Ask anybody outside China to name a Chinese brand and they will struggle to think of one. That’s despite 95 Chinese firms making it into the Fortune Global 500 list of the world’s biggest companies.
But this will change in the next decade, says a professor at one of Britain’s leading business schools.
“Today if I go to Western markets in Europe or the US and ask people … to name a Chinese brand, they can’t. But the names I have said, I promise you, in 10 years, people will know these names,” London Business School marketing professor Nirmalya Kumar told the Hong Kong Economic Journal’s EJ Insight.
The names Kumar sees coming over the global-recognition horizon are home appliance giants Haier Electronics Group Co. Ltd. (01169.HK) and GD Midea (000527.CN), telecommunications equipment supplier Huawei Technologies Co., PC maker Lenovo Group Ltd. (00992.HK) and Bright Food (Group) Co. Ltd.
And those that he thinks will go global in the next 20 years are TV maker TCL Multimedia Technology Holdings Ltd. (01070.HK); Guangzhou Pearl River Piano Group Co. Ltd. (002678.CN), which has 15 percent of the global piano market; and Guangdong Galanz Group Co. Ltd., which makes about 40 percent of the world’s microwave ovens.
Asian Tortoise Route
The Chinese brands are following a growth path taken by companies like Japan’s Toyota Motor Corp. and Sony Corp., and South Korea’s Samsung Group and LG Electronics Inc., Kumar said.
The growth path, known as the Asian Tortoise Route, has five key stages, starting with low-cost products and proceeding to focus on sales volume, research and development, quality improvements and advertising.
“Many of the Chinese companies are following this route. They start with products that are very cheap and of poor quality … and then over time, they invest in research and development and improve the quality. Then once they improve the quality, they increase the price, and then they do marketing,” he said.
Most of the Chinese brands are at the stage of either expanding sales volume or investing in research and development, he added.
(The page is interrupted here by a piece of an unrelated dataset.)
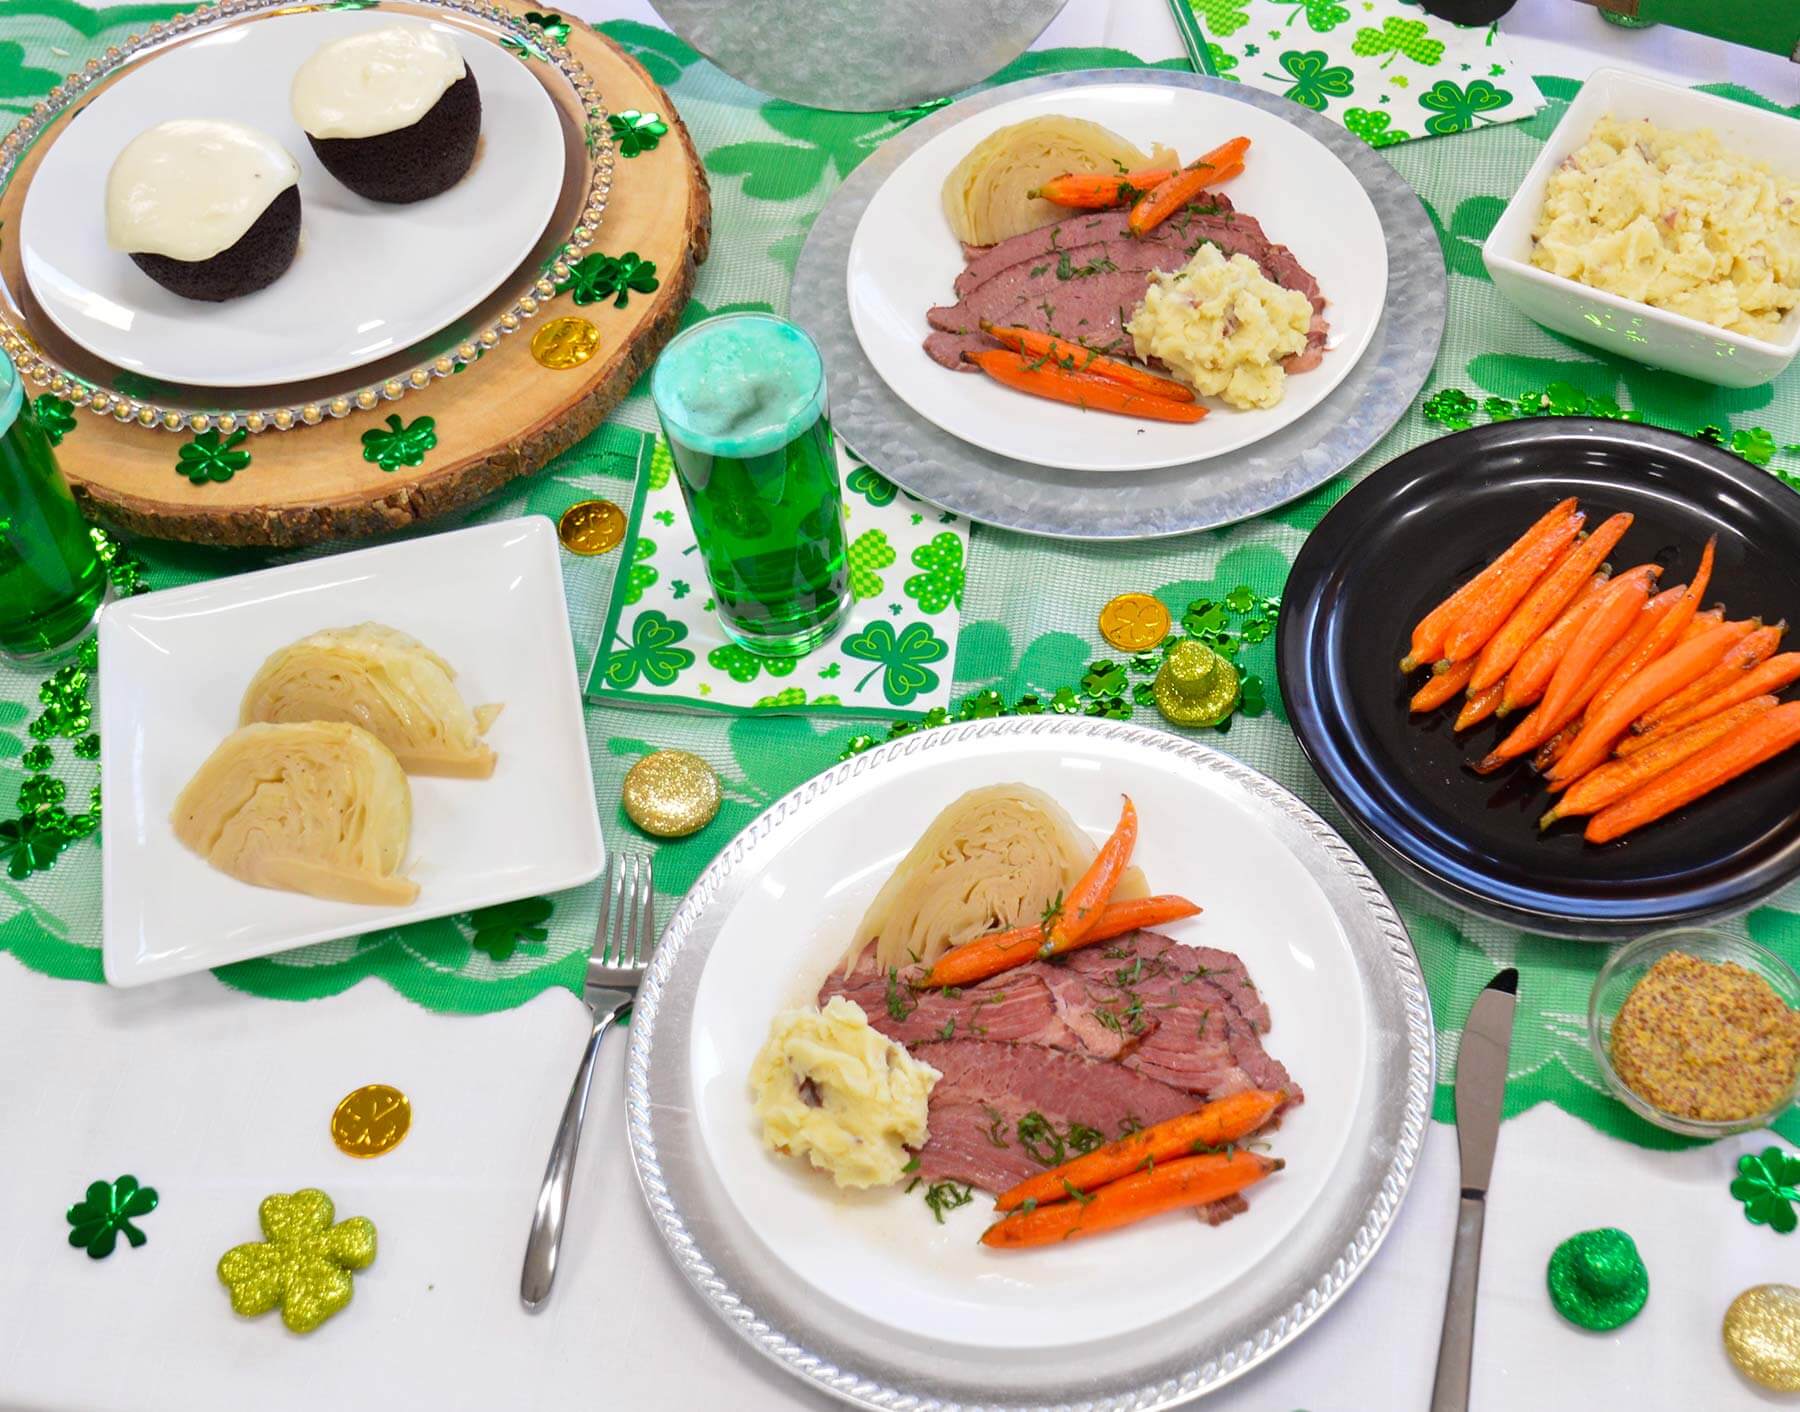 St. Patrick's Day dinner

Kumar said the route was slow and steady, and it took Japanese and Korean brands about 40 years to become the world-renowned brands they are today.
The problem for Chinese brands, Kumar said, was not just that they did not have name recognition but that “made in China” were bywords for poor quality, unreliability, cheapness, poor safety and a lack of environmental awareness.
But he said that was the same decades ago for products from South Korea and Japan.
When Toyota started selling cars in the United States in the 1960s, they were the cheapest and worst cars in the country. But some people bought them because the price was right. The company then invested in research and development, and today they are the best cars in the US, he said.
People will start to have a good impression of Chinese products if one or two brands become famous and develop a good reputation. Sony and Toyota changed the image of “made in Japan” in the same way that Samsung transformed the reputation for “made in South Korea”.
Easy or hard way
Kumar said that while Haier headed to the US in its first efforts to sell outside China, most Chinese brands have launched their offshore ambitions by selling to emerging markets in Southeast Asia, Africa and the Middle East. Midea and Galanz are among those who sell their goods under their own names in developing countries, but under others for the US and European markets.
“The companies can go the easy way first [through emerging markets] or the hard way first [through developed markets]. Both ways can work,” he said.
Kumar also said Hong Kong was a good place for Chinese brands to go global, as Chinese companies will need to secure talent that understands both the Western and Chinese mindsets to better market their products.